Exercise aim: Word for word, copy the lines beginning at the one with "煩わしい書くシャベル2本 木製櫛 ヘアコーム ヘアブラシ ナイロン毛+木製ハンドル" and ending at the last line below; pictures stay out.

Collected data:
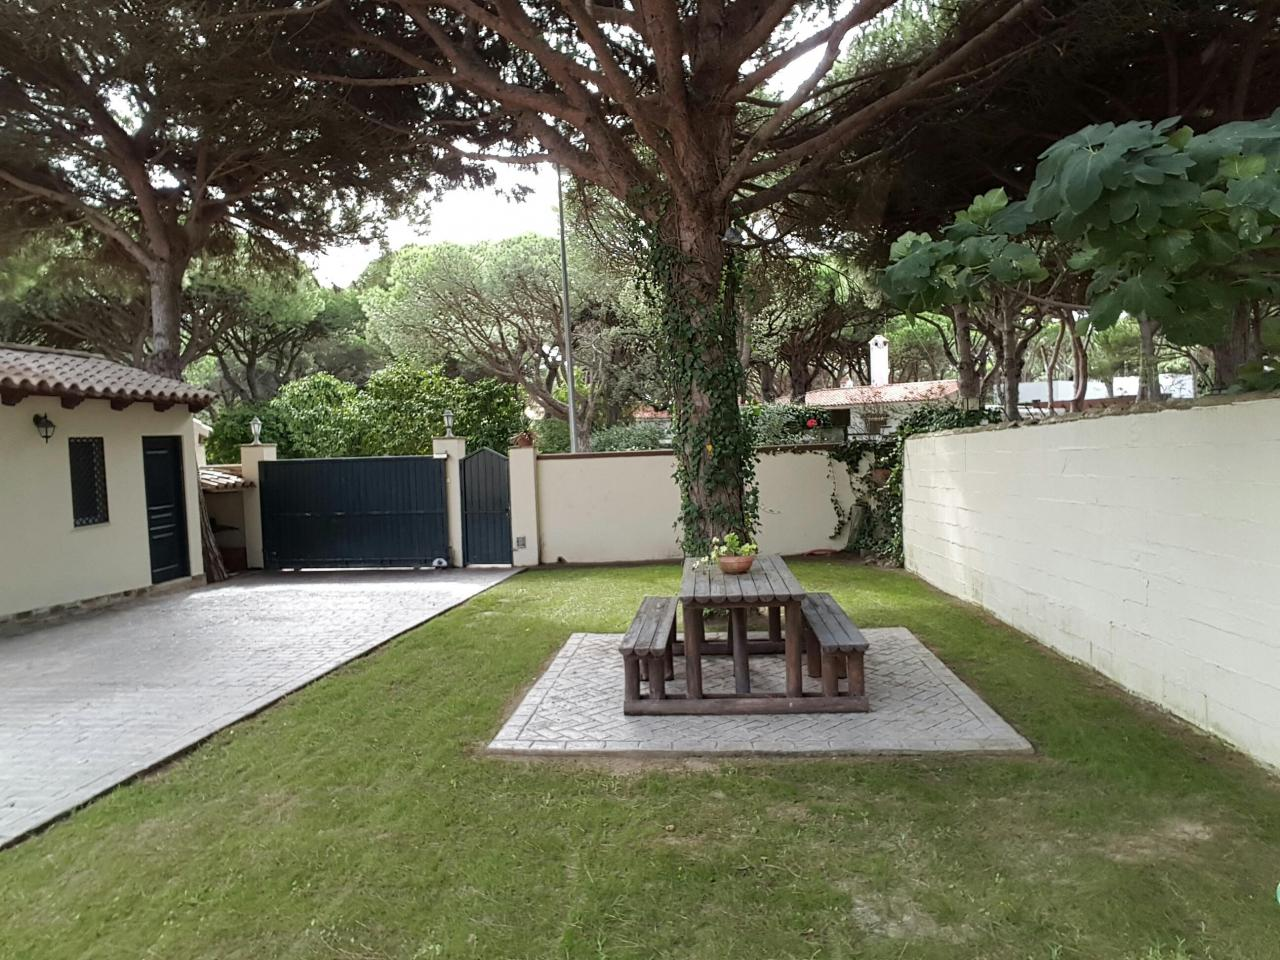 Apartamento vacacional Chiclana de la Frontera, Cádiz
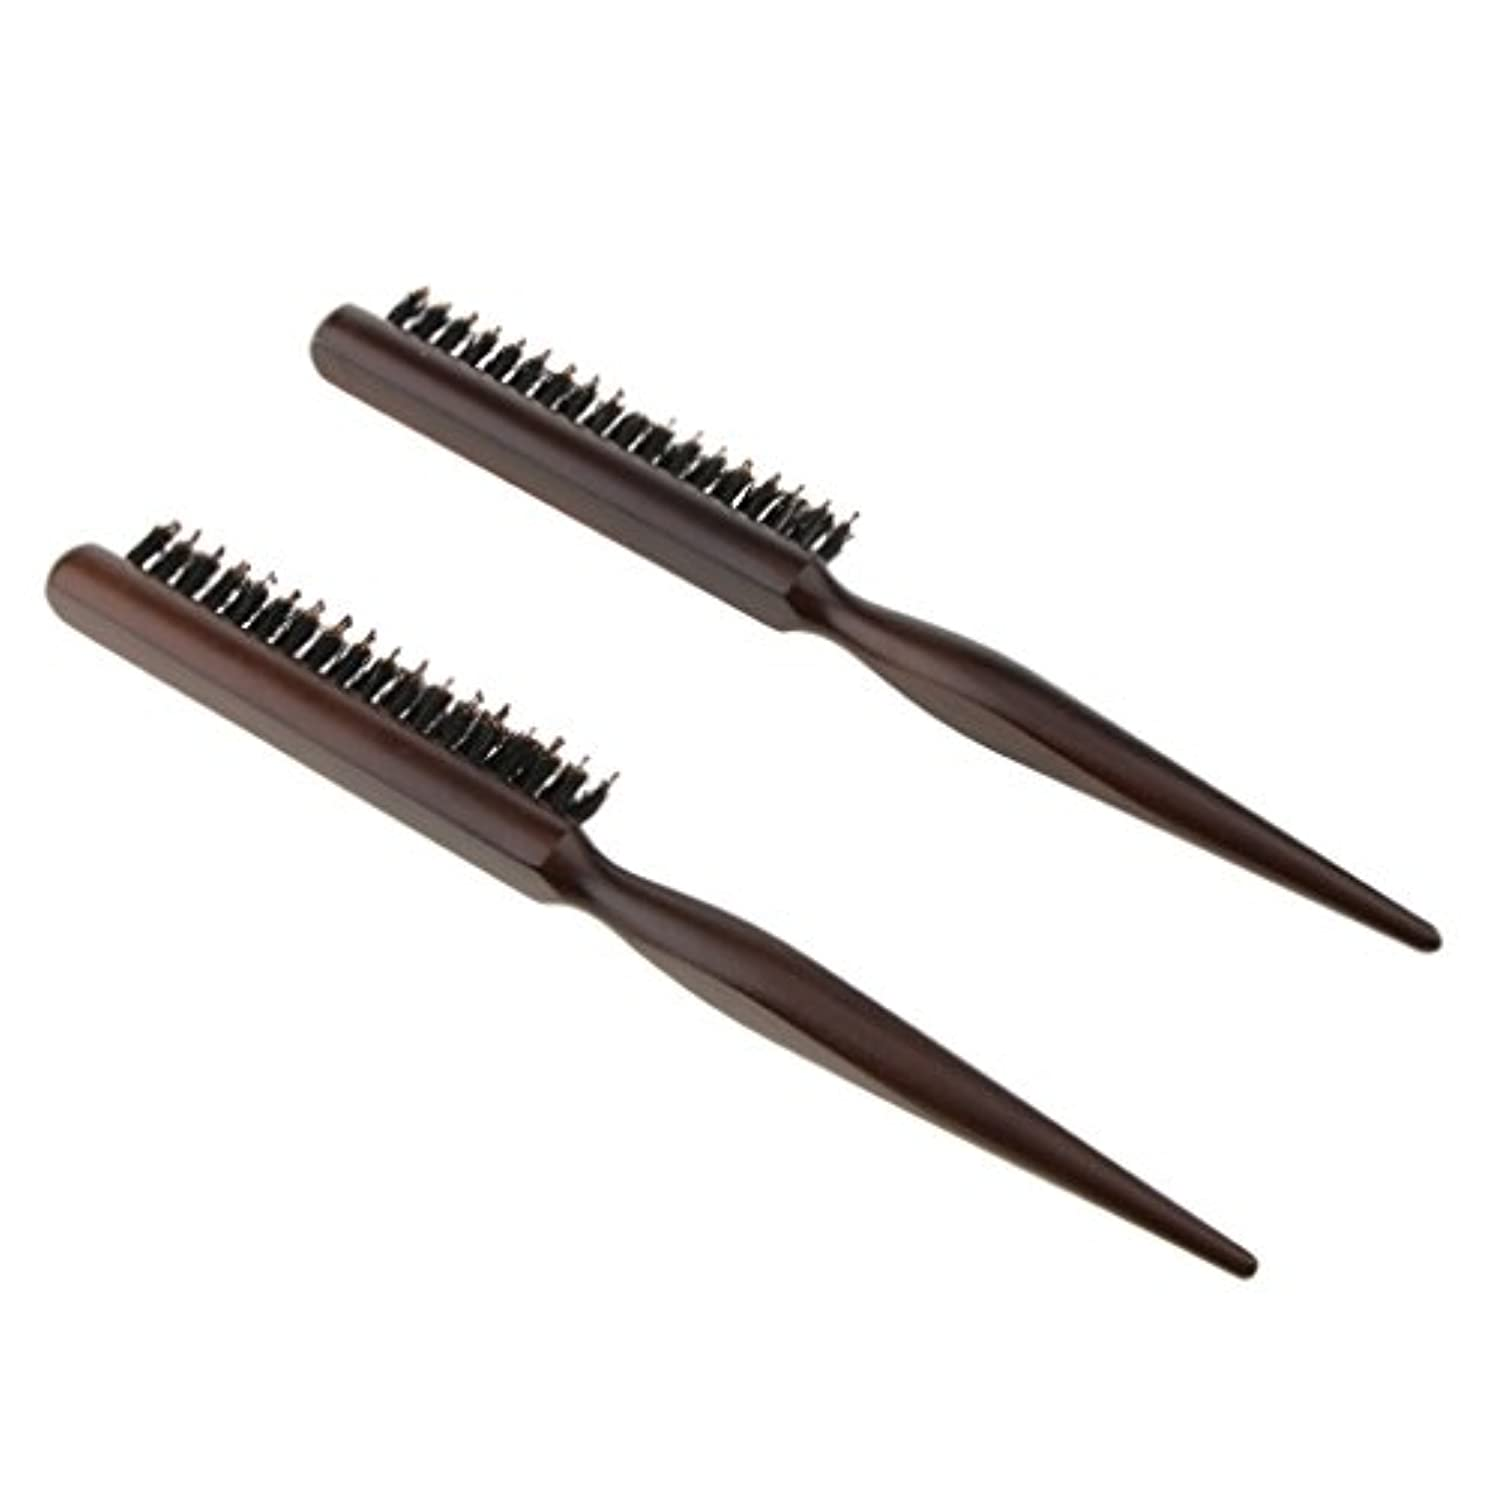 煩わしい書くシャベル2本 木製櫛 ヘアコーム ヘアブラシ ナイロン毛+木製ハンドル
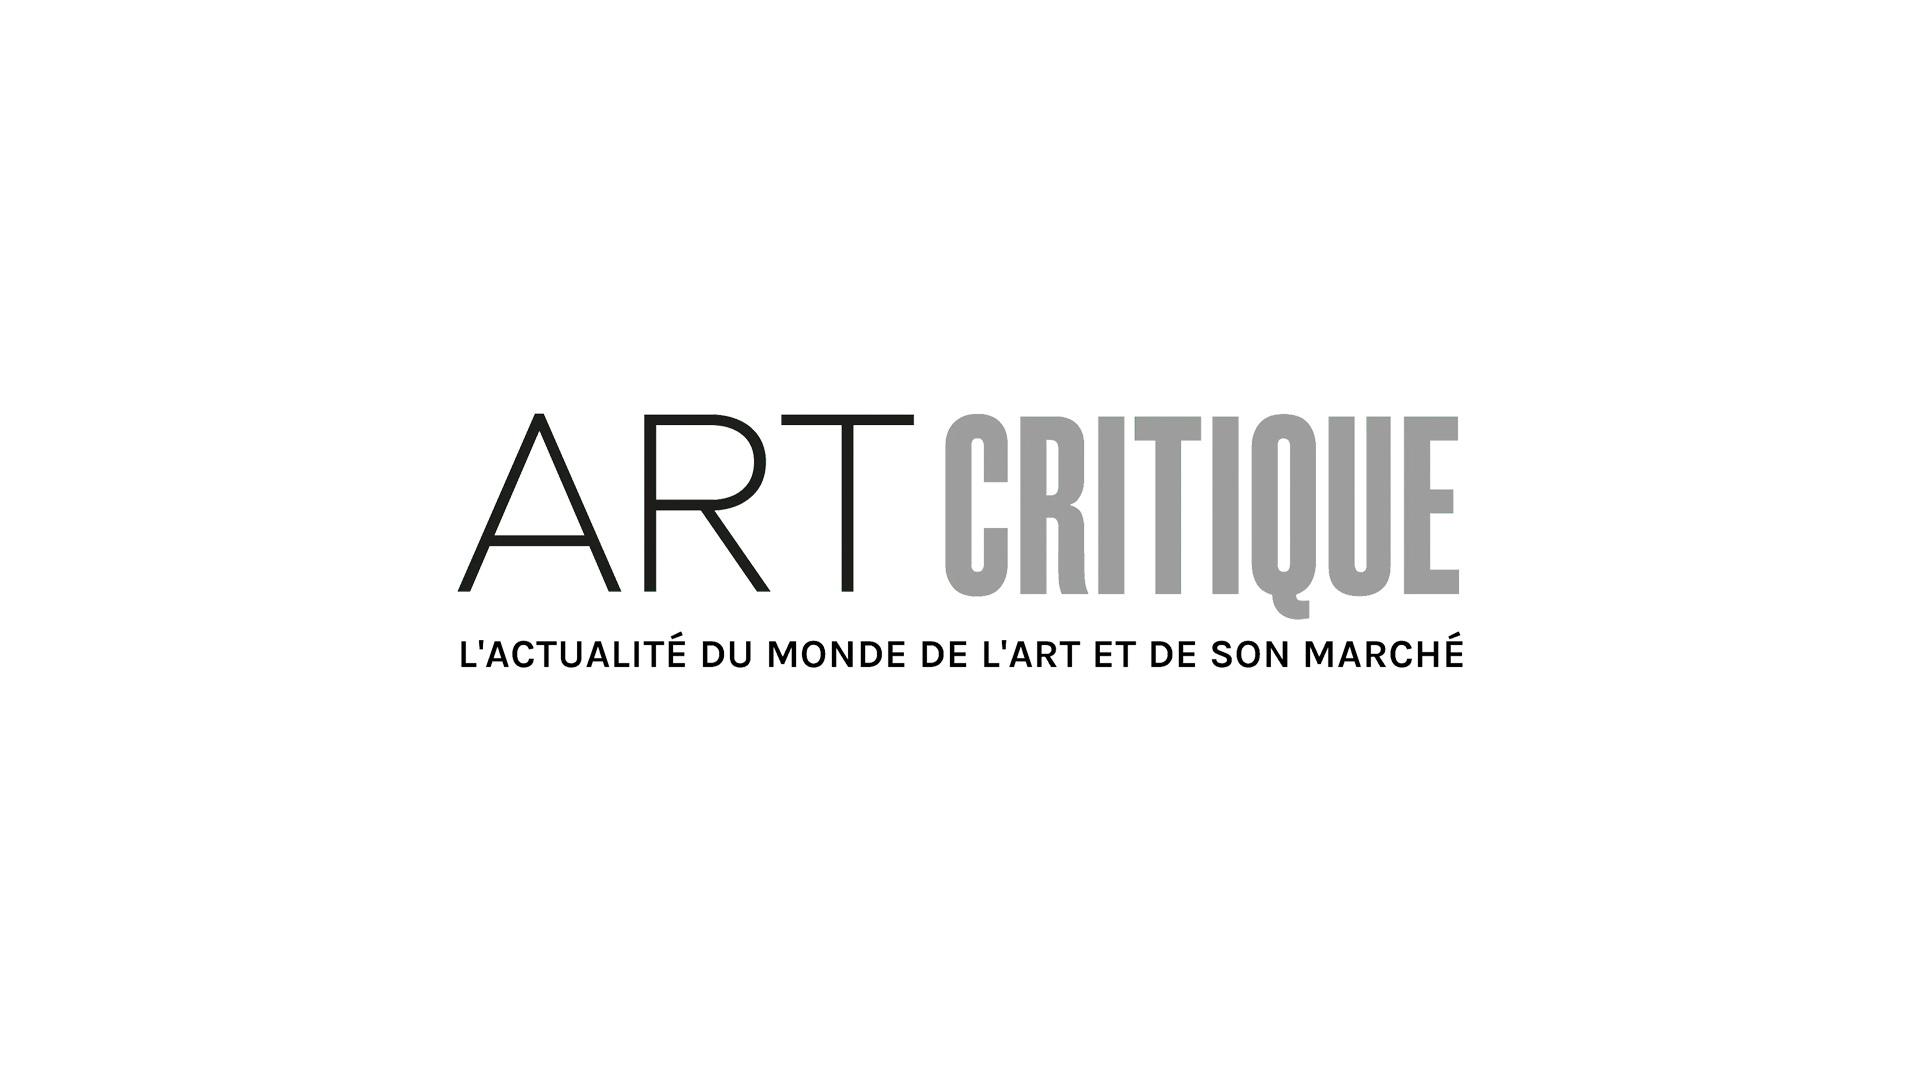 Les couleurs de l'Afrique représentées à la 193 Gallery
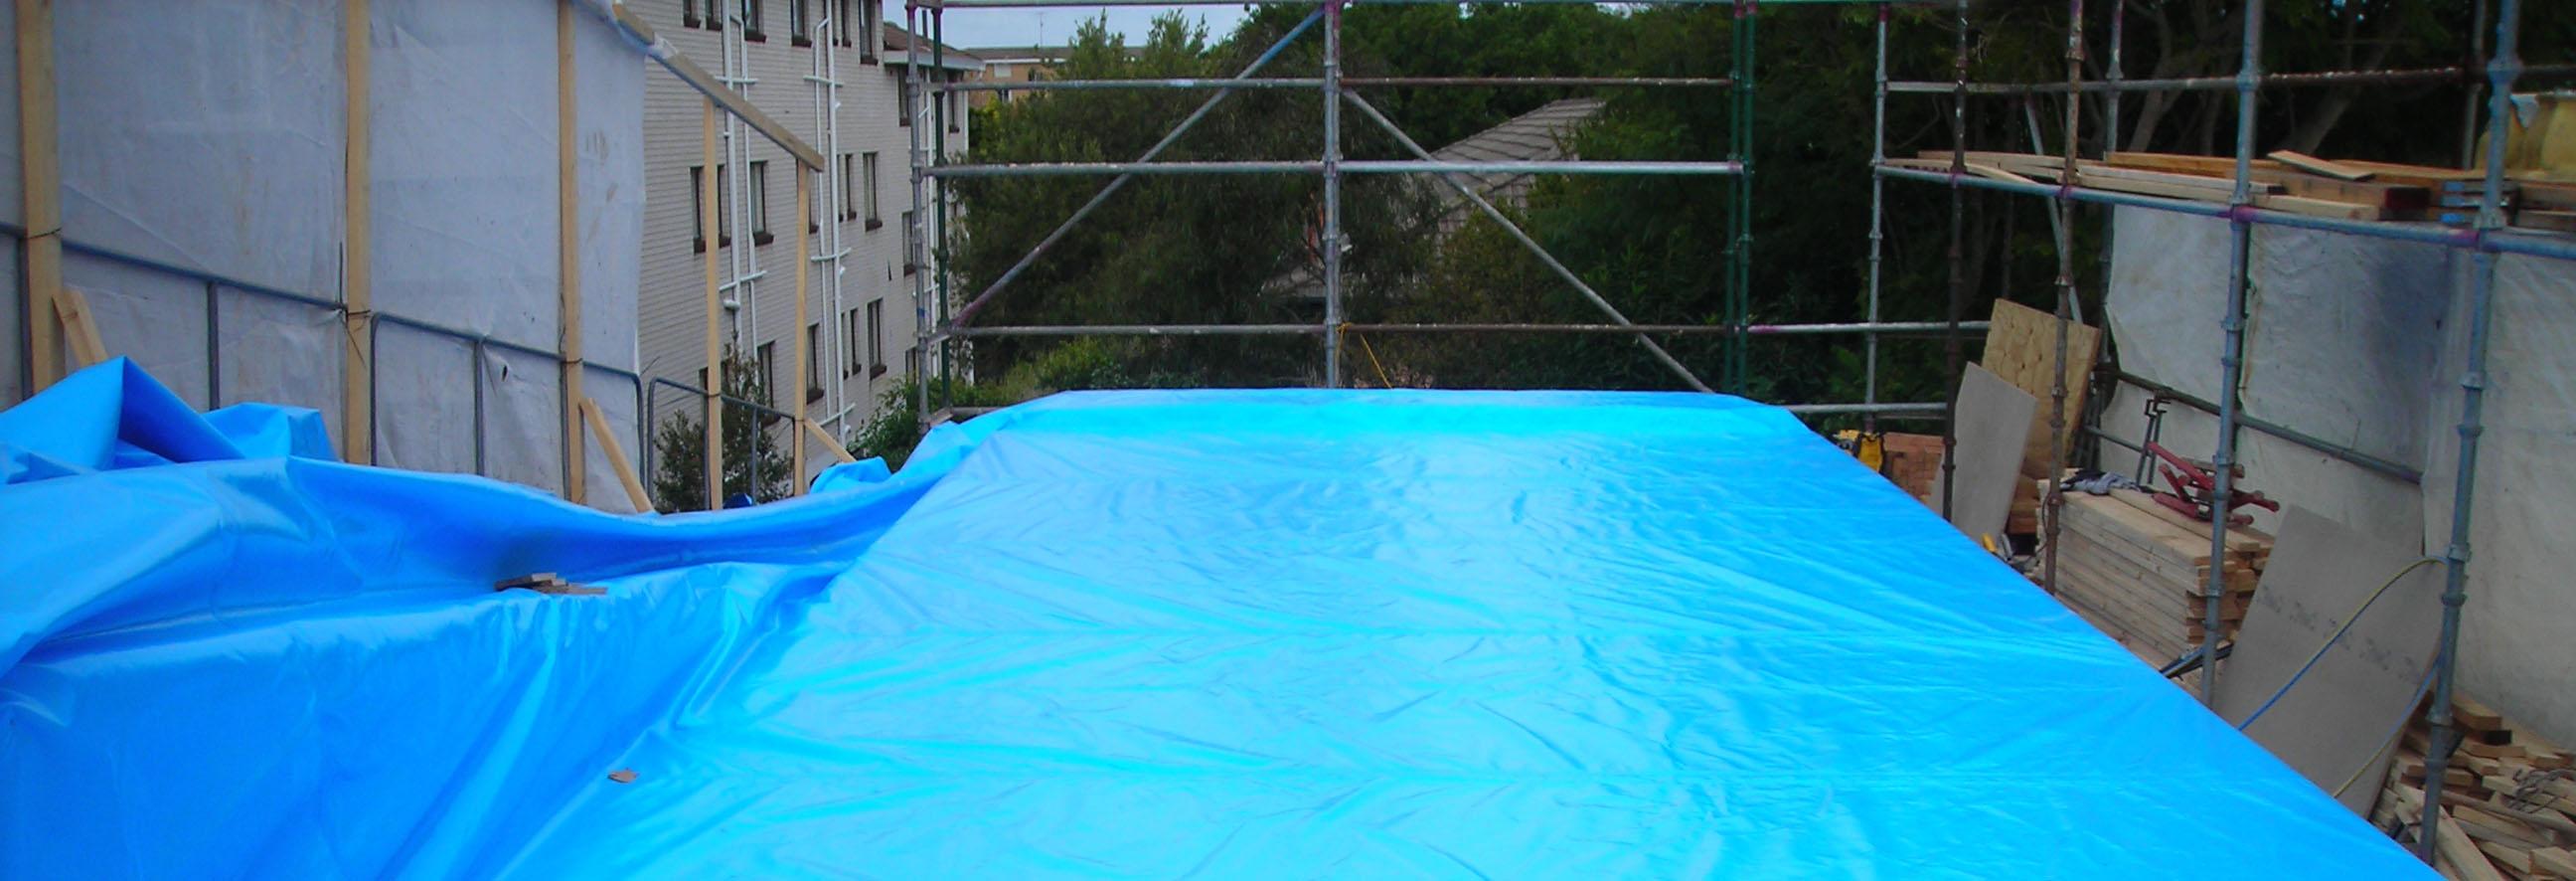 Floor sheet

Problem solution:
 煩わしい書くシャベル2本 木製櫛 ヘアコーム ヘアブラシ ナイロン毛+木製ハンドル
 Les couleurs de l'Afrique représentées à la 193 Gallery
 Floor sheet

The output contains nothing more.